Updated: 2013-10-08 23:16
By Wei Tian ( China Daily)

APEC member economies could work toward a common foreign currency reserve to promote regional financial stability, an expert says.

Finance Minister Lou Jiwei said during an Asia-Pacific Economic Cooperation gathering of finance ministers in Bali on Sept 20 that multilateral foreign-exchange swap arrangements may be put in place to support economies facing difficulties from "external shocks".

He did not give further details on which ministers had raised the idea or which countries the arrangement would support.

South Korean Finance Minister Hyun Oh-seok was quoted by The Wall Street Journal as saying the Chiang Mai Initiative is still highly important and it is best to strengthen it.

This initiative is a multilateral currency swap arrangement among APEC members as well as China, Japan and South Korea, which draws from a common foreign exchange reserve pool worth $240 billion.

Luo Yongkun, a researcher at the China Institute of Contemporary International Relations who specializes in Southeast Asia, said an expanded version of the Chiang Mai Initiative would help promote regional financial stability among APEC members.

Yi Gang, deputy governor of the People's Bank of China, the central bank, said China has already signed currency swap agreements worth more than 1.4 trillion yuan ($229 billion) with the Association of Southeast Asia Nations.

Last Wednesday, during his visit to Indonesia, President Xi Jinping announced a 100 billion yuan-rupiah currency swap between China and Indonesia to promote trade settlements in local currencies.

Xi said the two countries are considering enlarging the scope of the deal — the continuation of an agreement signed in 2009.

He also called during the visit for the establishment of a bank among Asian countries to offer support on infrastructure construction, in an attempt to promote communication among developing nations in the region, including ASEAN member countries.

Although it is still at a very early stage, Luo said the multilateral currency swap mentioned by Finance Minister Lou could be considered as a source of funding for the infrastructure investment bank, but said this was only an assumption.

However, Luo said currency swaps among APEC members face challenges.

"First of all, it will be harder to coordinate among more members with different policies."

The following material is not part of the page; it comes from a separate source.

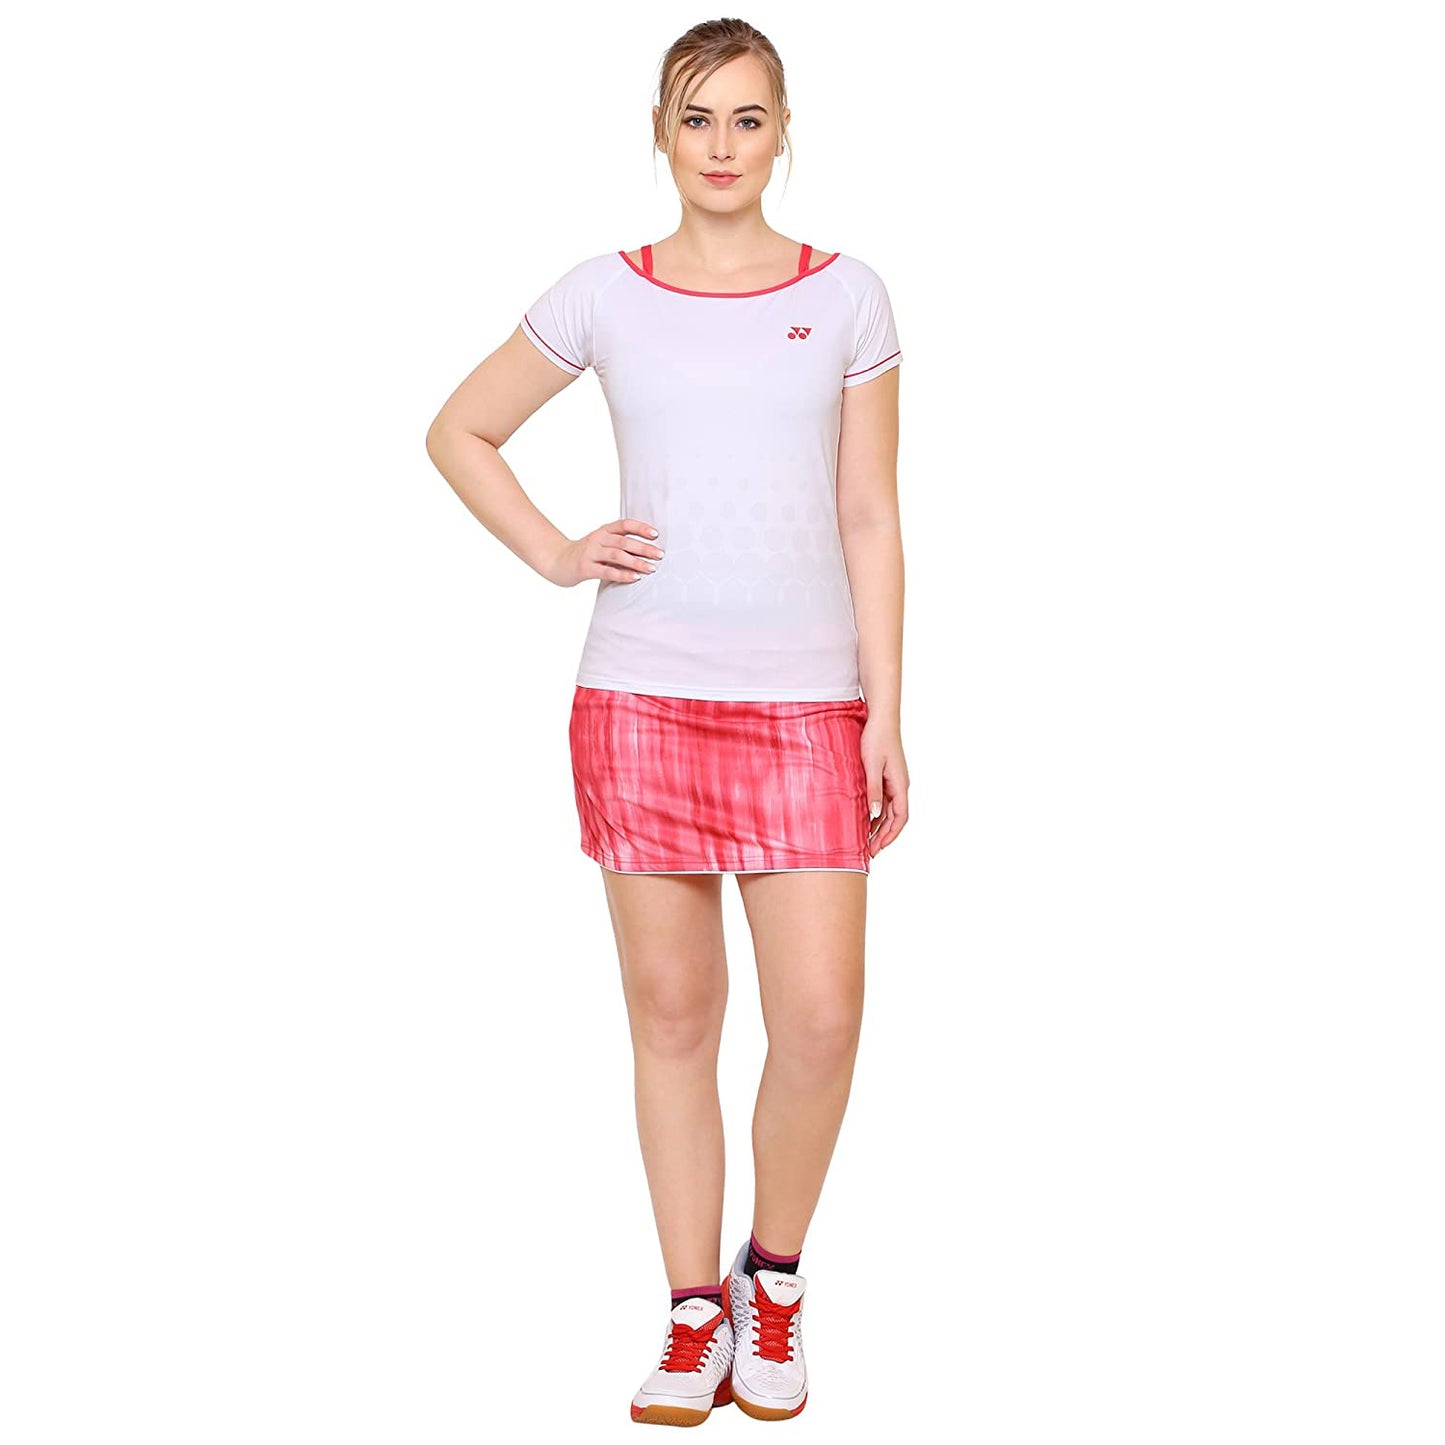 Yonex 905 Skirt for Women, Raspberry - Best Price online Prokicksports.com

In the meantime, Luo said currency swaps among APEC members means there will be participation from the United States, and the operation of such a mechanism will be very much influenced by the US.

Moody's Investor Service said in its latest report, "In the five years since the onset of the global financial crisis, the performance of the sovereign ratings of the members of APEC has, in general, been of stability and strength."

However, Moody's said APEC members are facing several new challenges, including a subdued outlook for developed markets that constrains demand for the region's exports, and the resurgence of volatility in global capital markets.